Je suis certain que préparer le Spartathlon permet de progresser quoiqu’il arrive, mais courir le Spartathlon permet aussi de faire des progrès. C’est une évidence, mais c’est tellement vrai…
J’ai donc progressé et l’avenir me dira à quel point et dans quels domaines. Je dois remercier mes copains du team France avec lesquels j’ai passé des moments inoubliables, y compris après la course où la rigolade fut de mise. J’ai apprécié le groupe dans son ensemble avec les accompagnateurs, ou plutôt les accompagnatrices. Je voudrais cependant remercier tout particulièrement l’un d’entre eux dont le geste m’a profondément touché. Dans la cohue de la fin de course, je n’ai pas récupéré mon tee-shirt de finisher. Le lendemain, l’organisation m’a promis de m’en procurer un que j’aurais dû récupérer lors du gala de remise des prix. Seulement voilà, il y a eu erreur et c’est un second tee-shirt de participation qui m’a été remis. Je n’ai pas osé faire une seconde réclamation et dépité j’ai renoncé à ce petit plaisir. Au moment de repartir, alors que je ne m’y attendais absolument pas David Le Broc ’h m’a gentiment offert le sien, touché qu’il avait été par mon parcours sportif.

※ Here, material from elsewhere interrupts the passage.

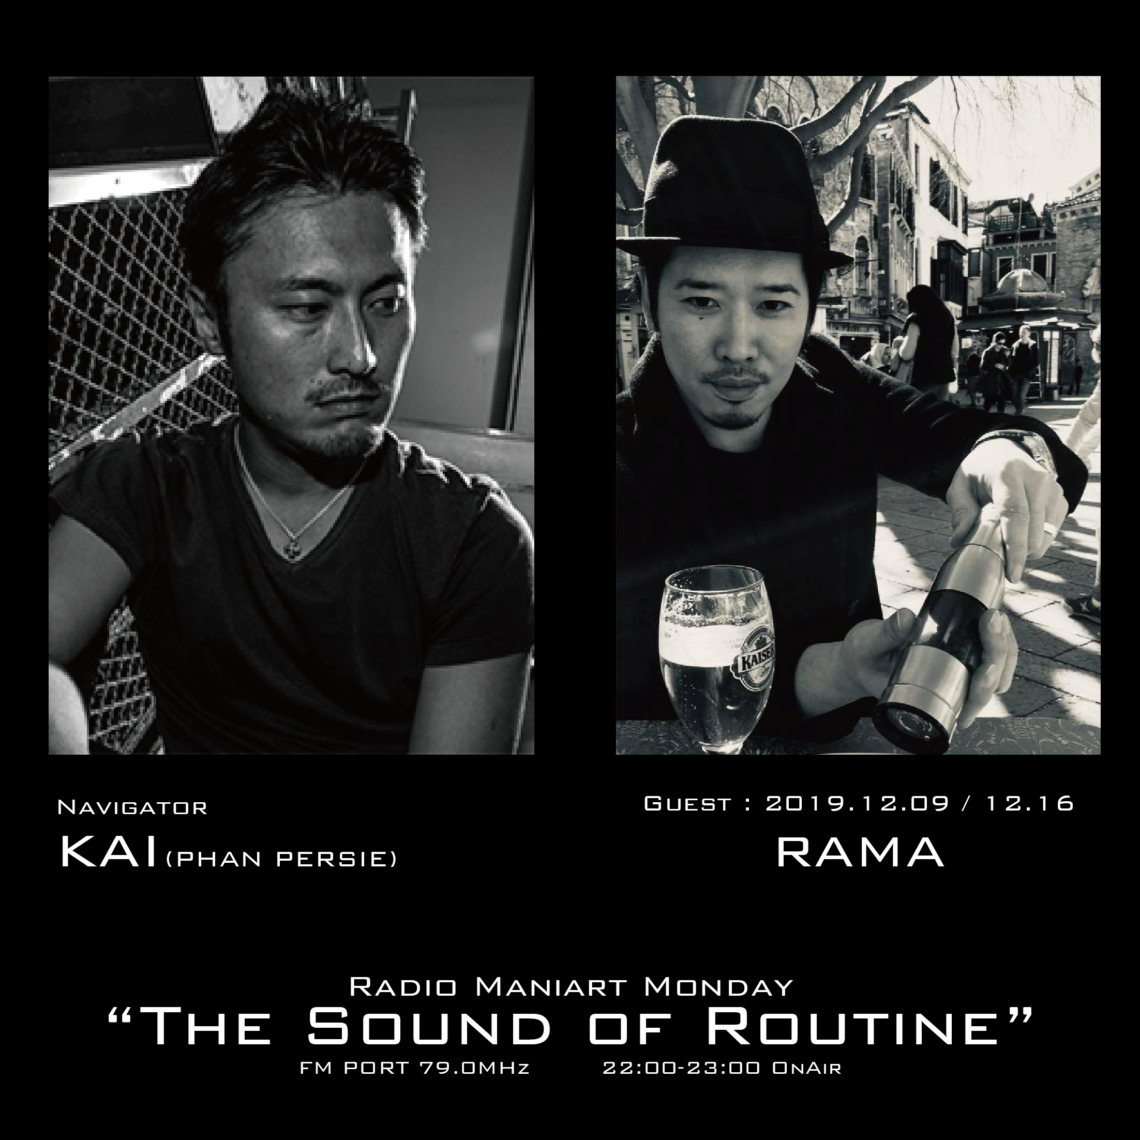 2019. 12. 9 MON, 12. 16 MON – KAI : Navigator on FM PORT / the Sound of Routine – Guest : RAMA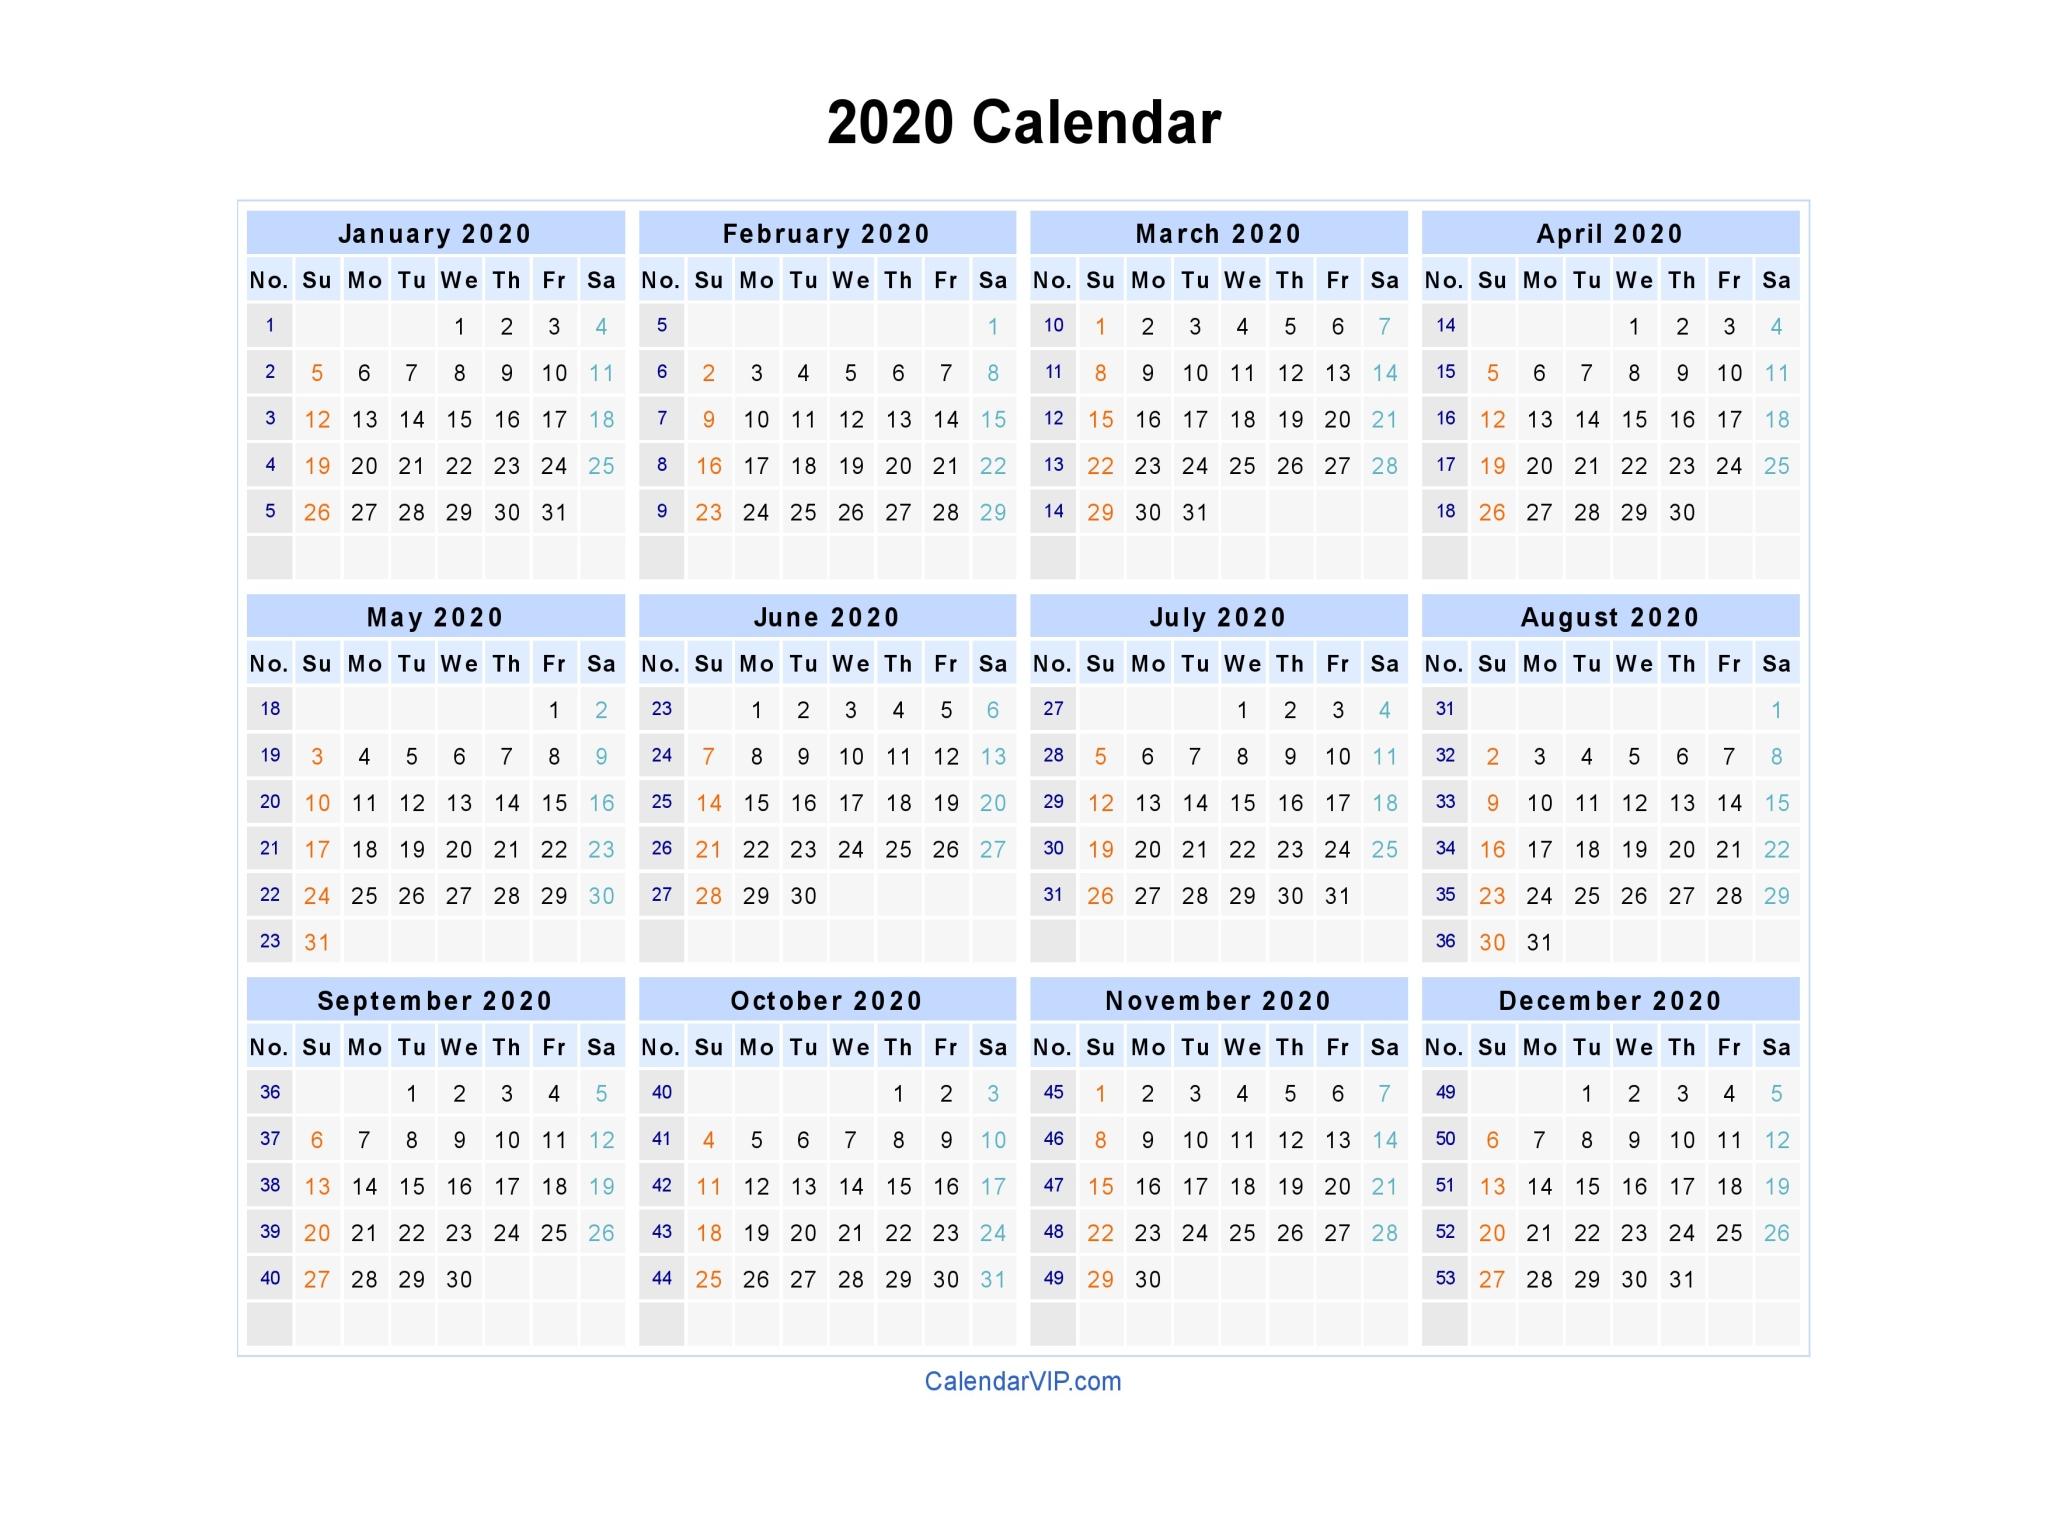 2020 Calendar In Excel Format - Wpa.wpart.co

Ce geste d’une grande générosité et plein de tout ce que j’admire chez un sportif, de surcroit un grand champion comme lui, m’a véritablement ému et je l’en remercie très sincèrement du fond du cœur.
Voilà, le Spartathlon c’est aussi des moments d’amitié comme celui-là.
Enfin, je dois une grande part de cette réussite à ma femme Marie qui n’étant pas sportive, comprend ma démarche et m’accompagne avec toute son énergie. Sans elle, le Spartathlon n’aurait peut-être pas existé dans ma vie.